■ **Exercise goal**
Nothing outside the range is to be copied. From the entries below, reproduce exactly the lines starting at the one with "Are Cotton Knickers" and ending at the one with "Accessories Unlimited - AU305SS", without pictures.

■ **Exercise material**
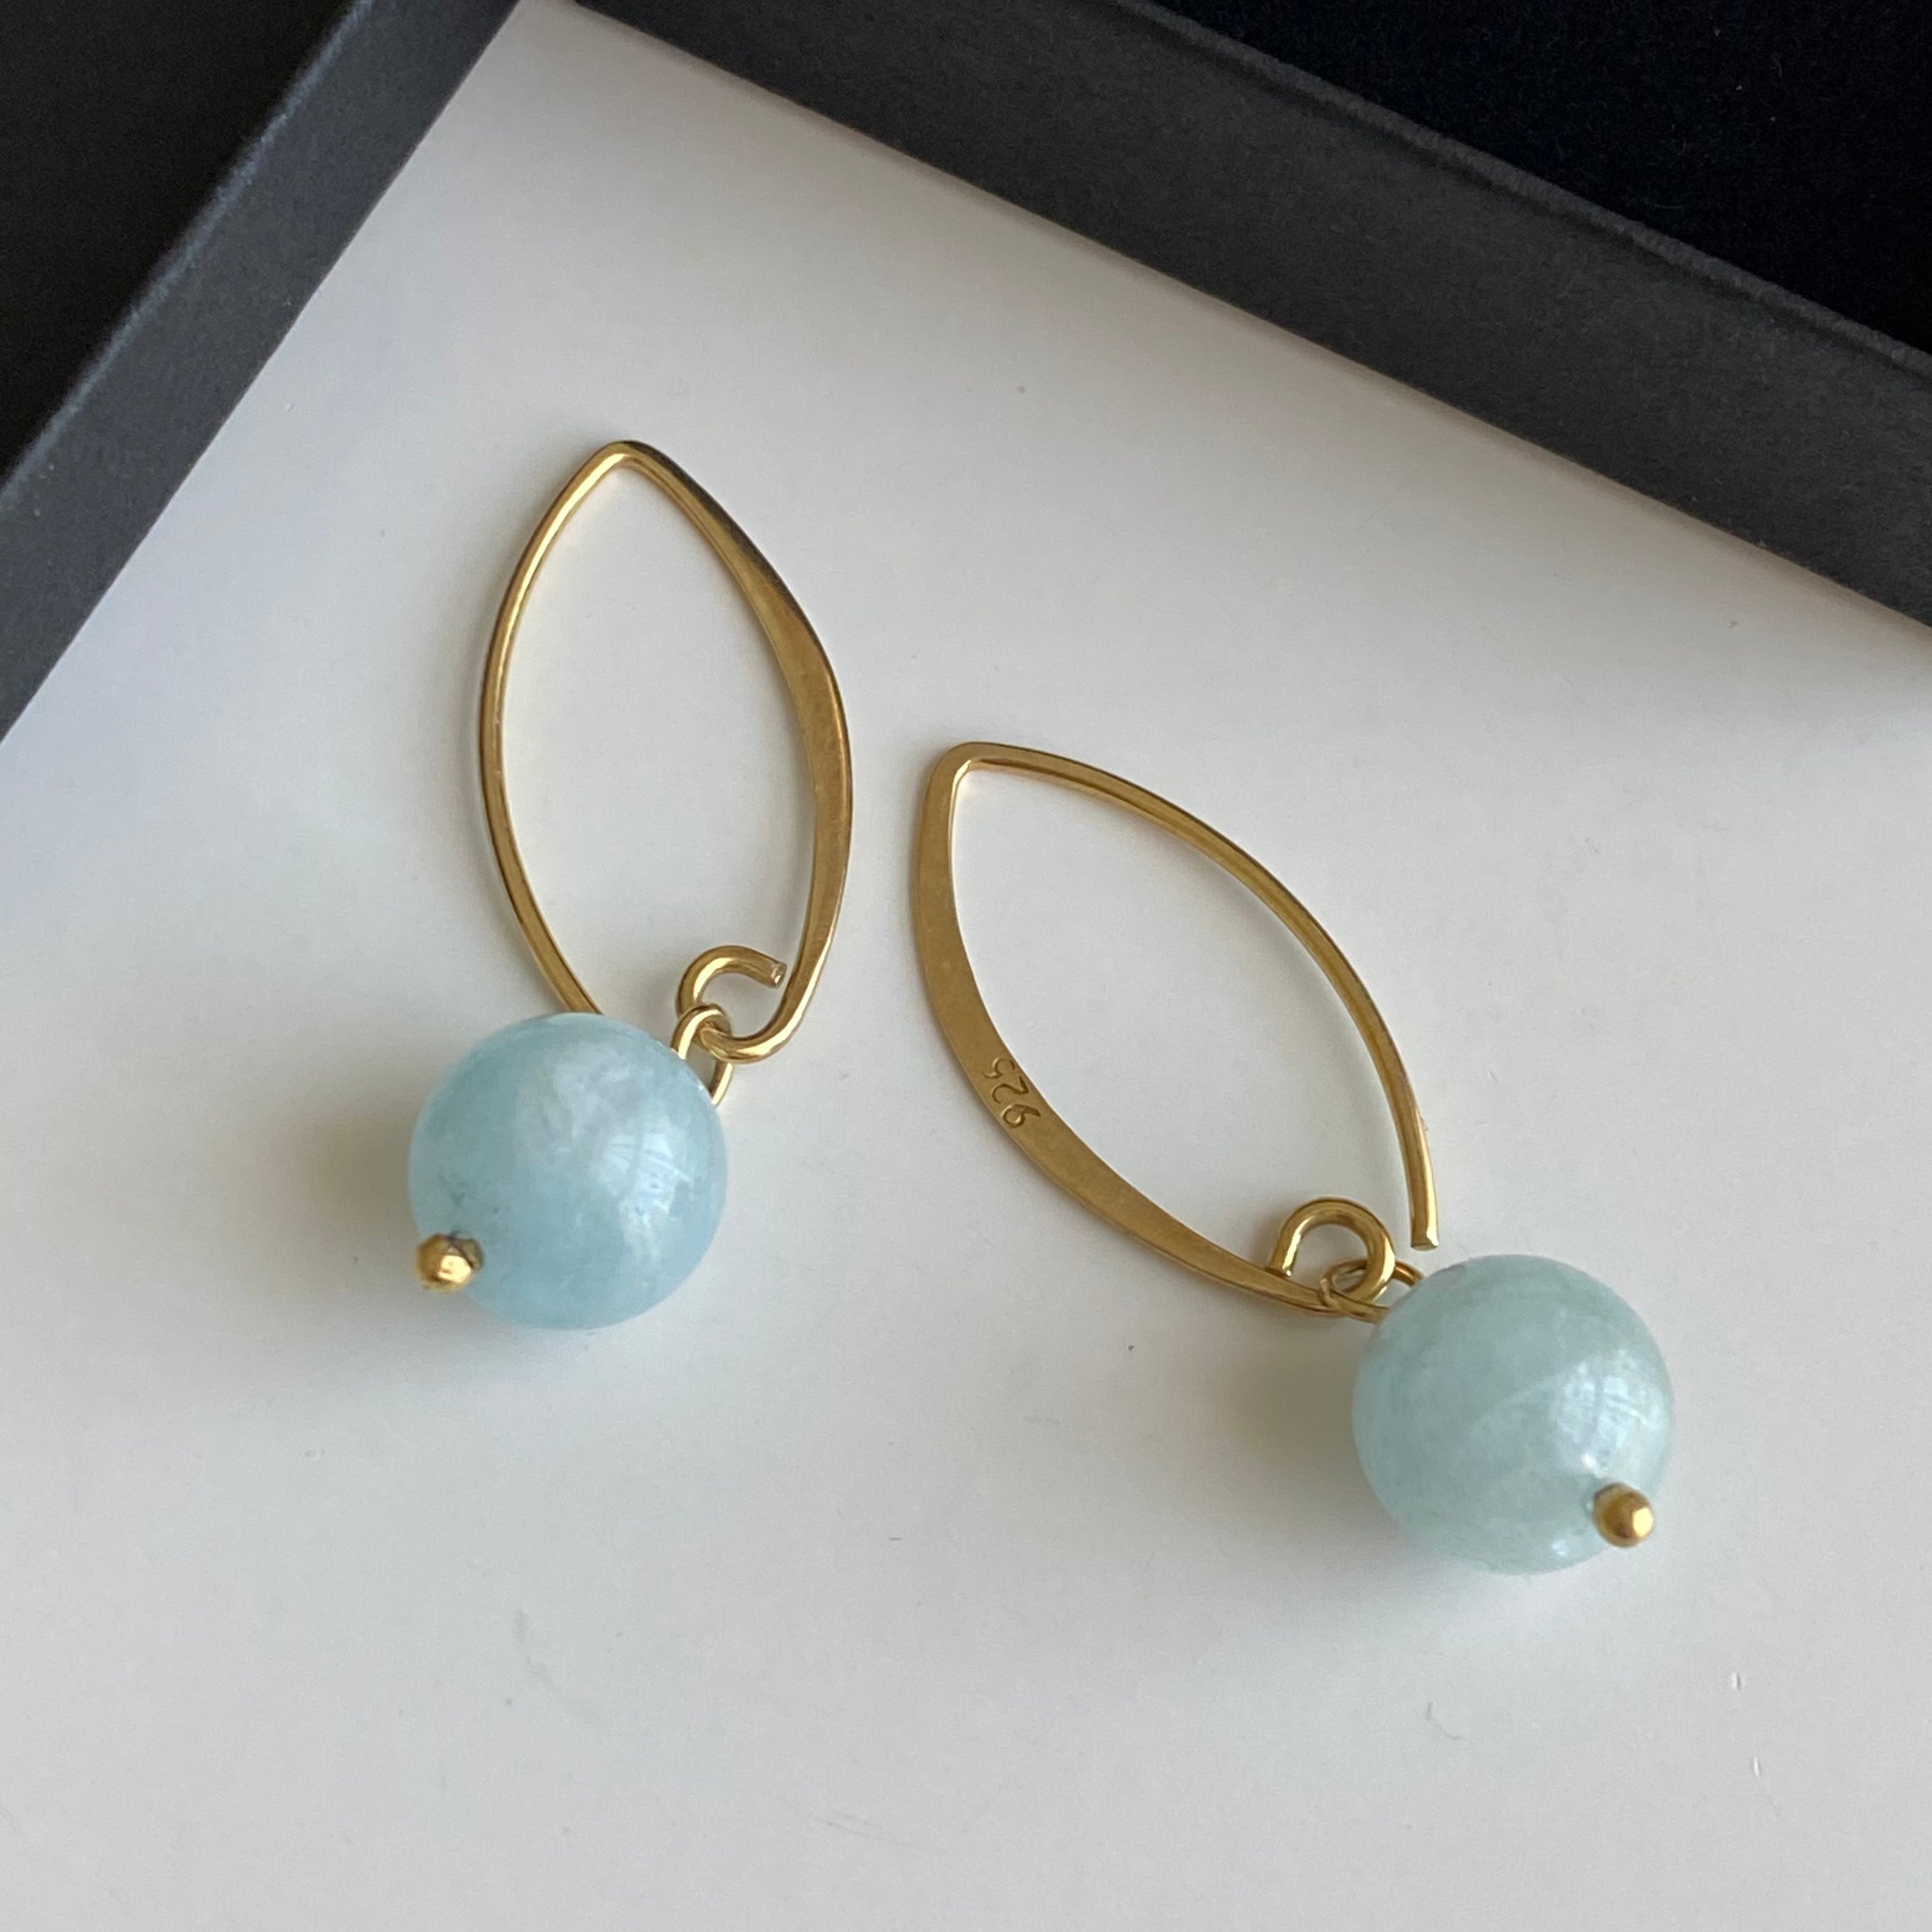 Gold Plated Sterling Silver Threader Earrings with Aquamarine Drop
==
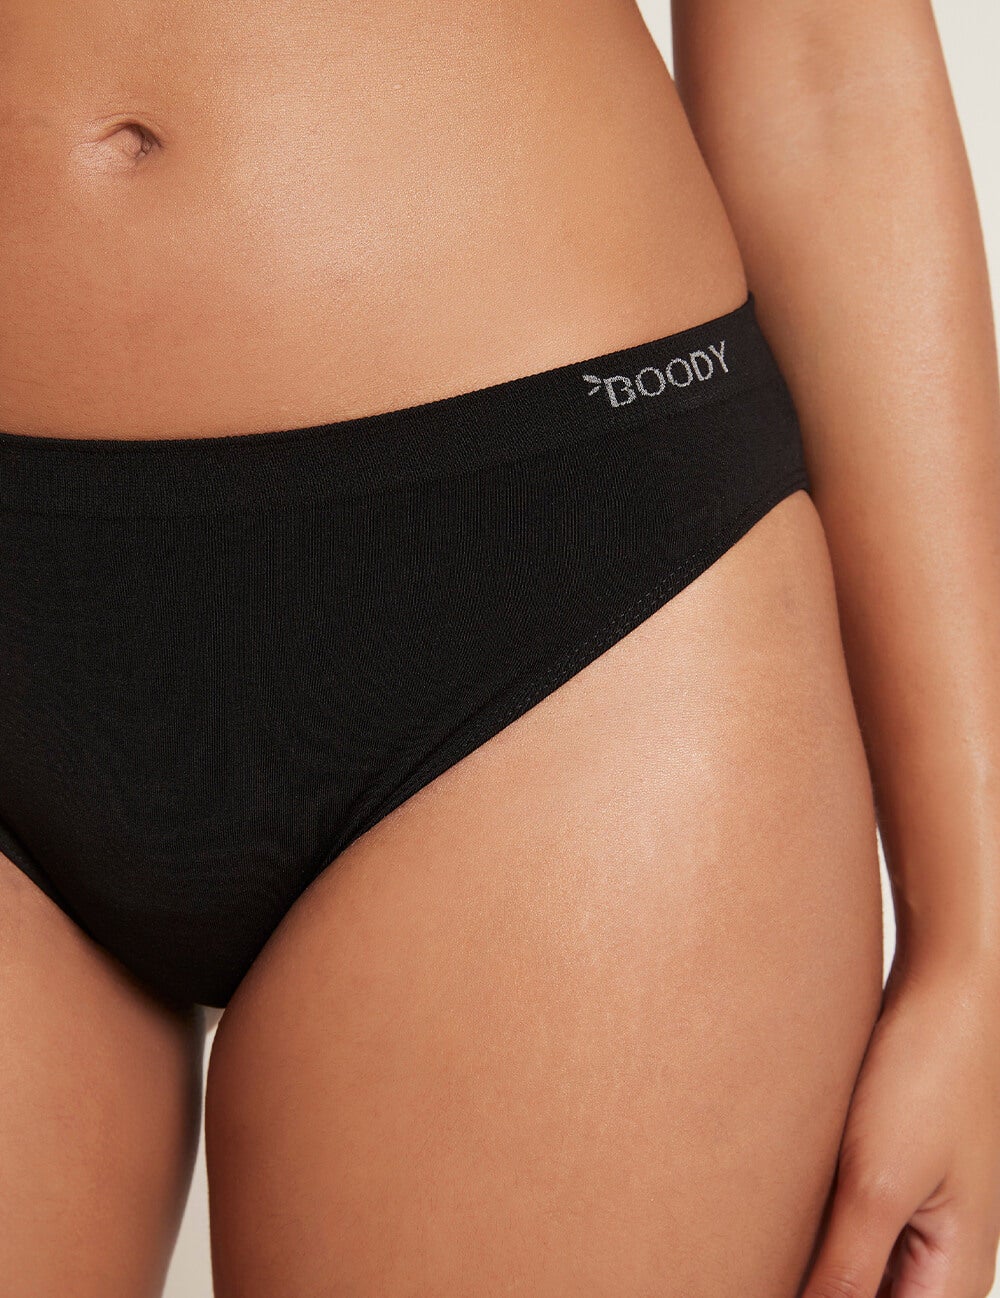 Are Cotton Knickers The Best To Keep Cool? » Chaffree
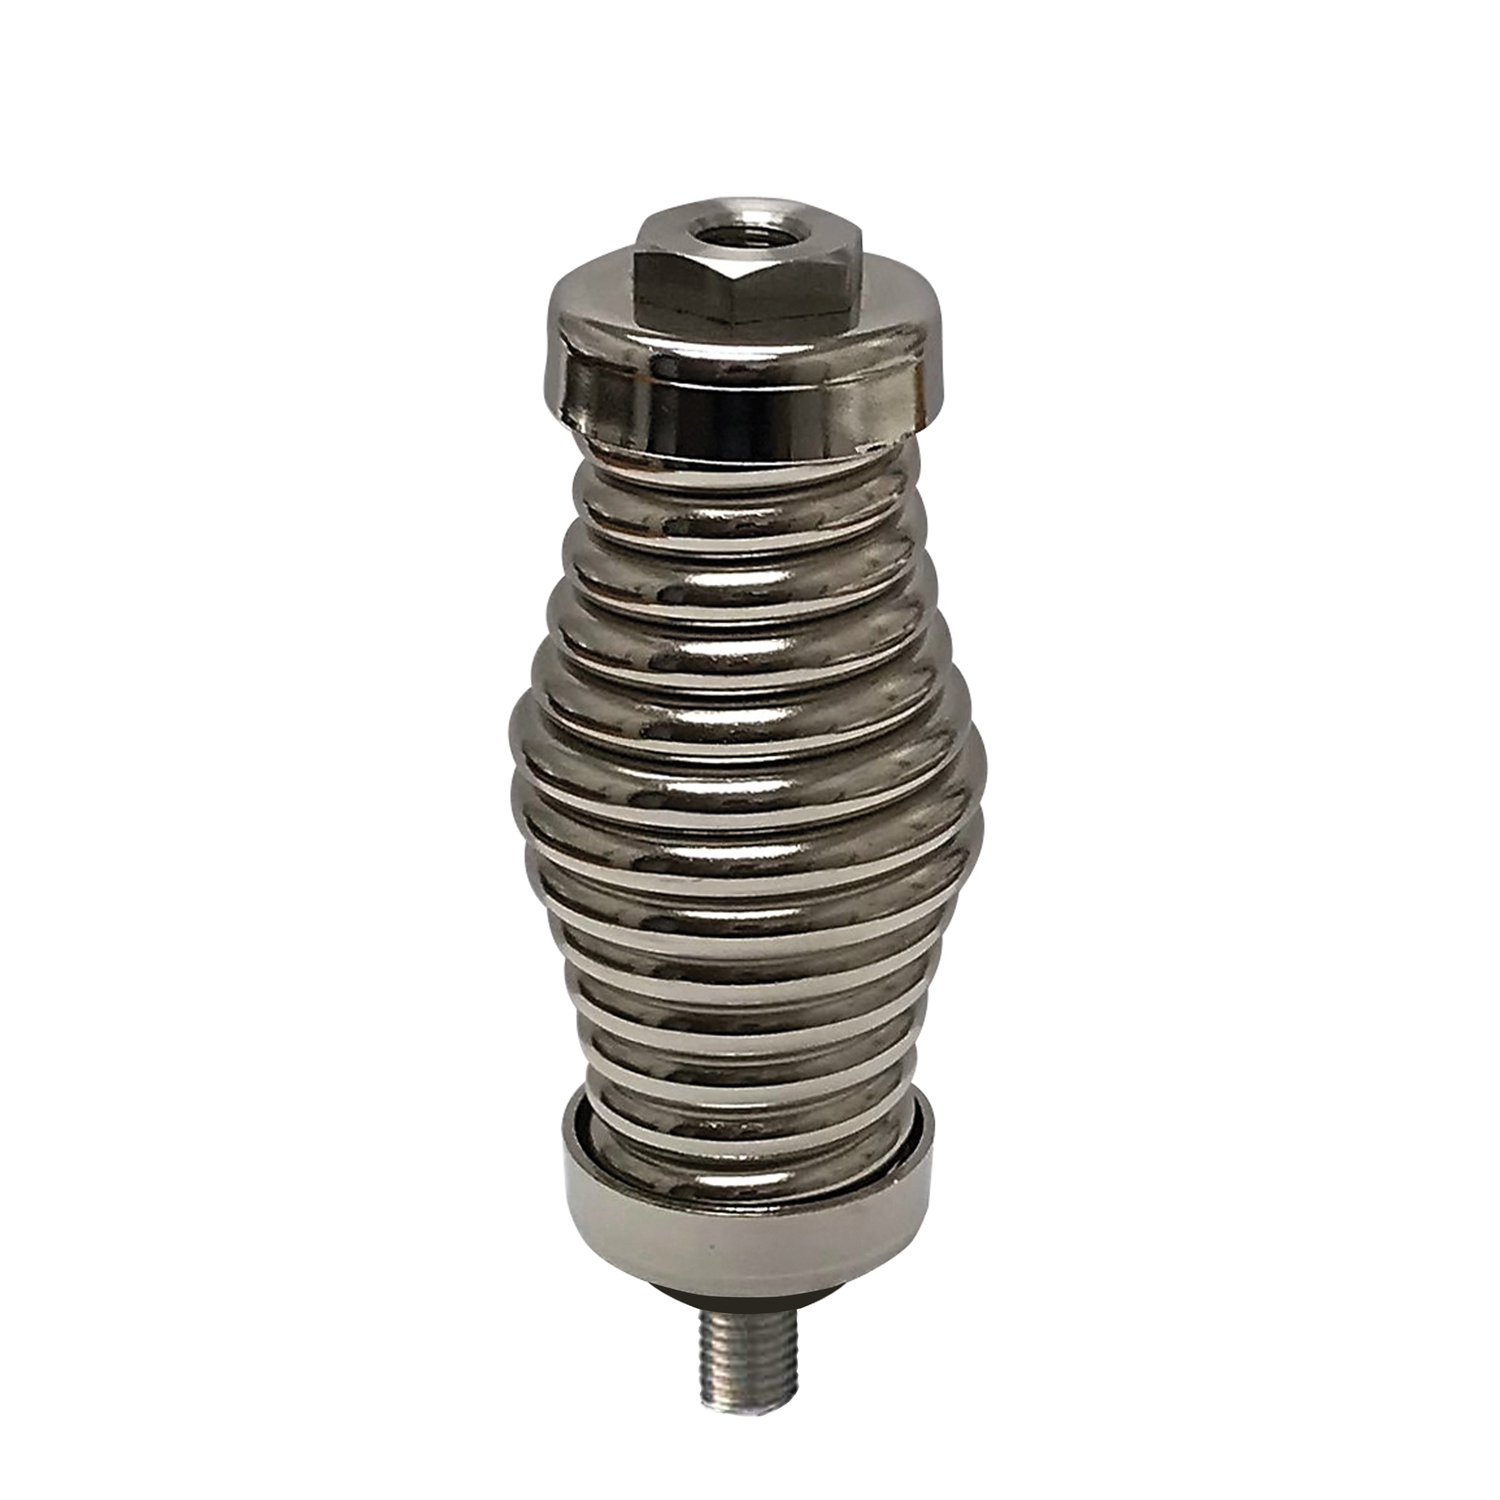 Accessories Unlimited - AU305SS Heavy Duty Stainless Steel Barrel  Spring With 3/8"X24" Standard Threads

■ **Result of this task**
 Are Cotton Knickers The Best To Keep Cool? » Chaffree
 Accessories Unlimited - AU305SS Heavy Duty Stainless Steel Barrel  Spring With 3/8"X24" Standard Threads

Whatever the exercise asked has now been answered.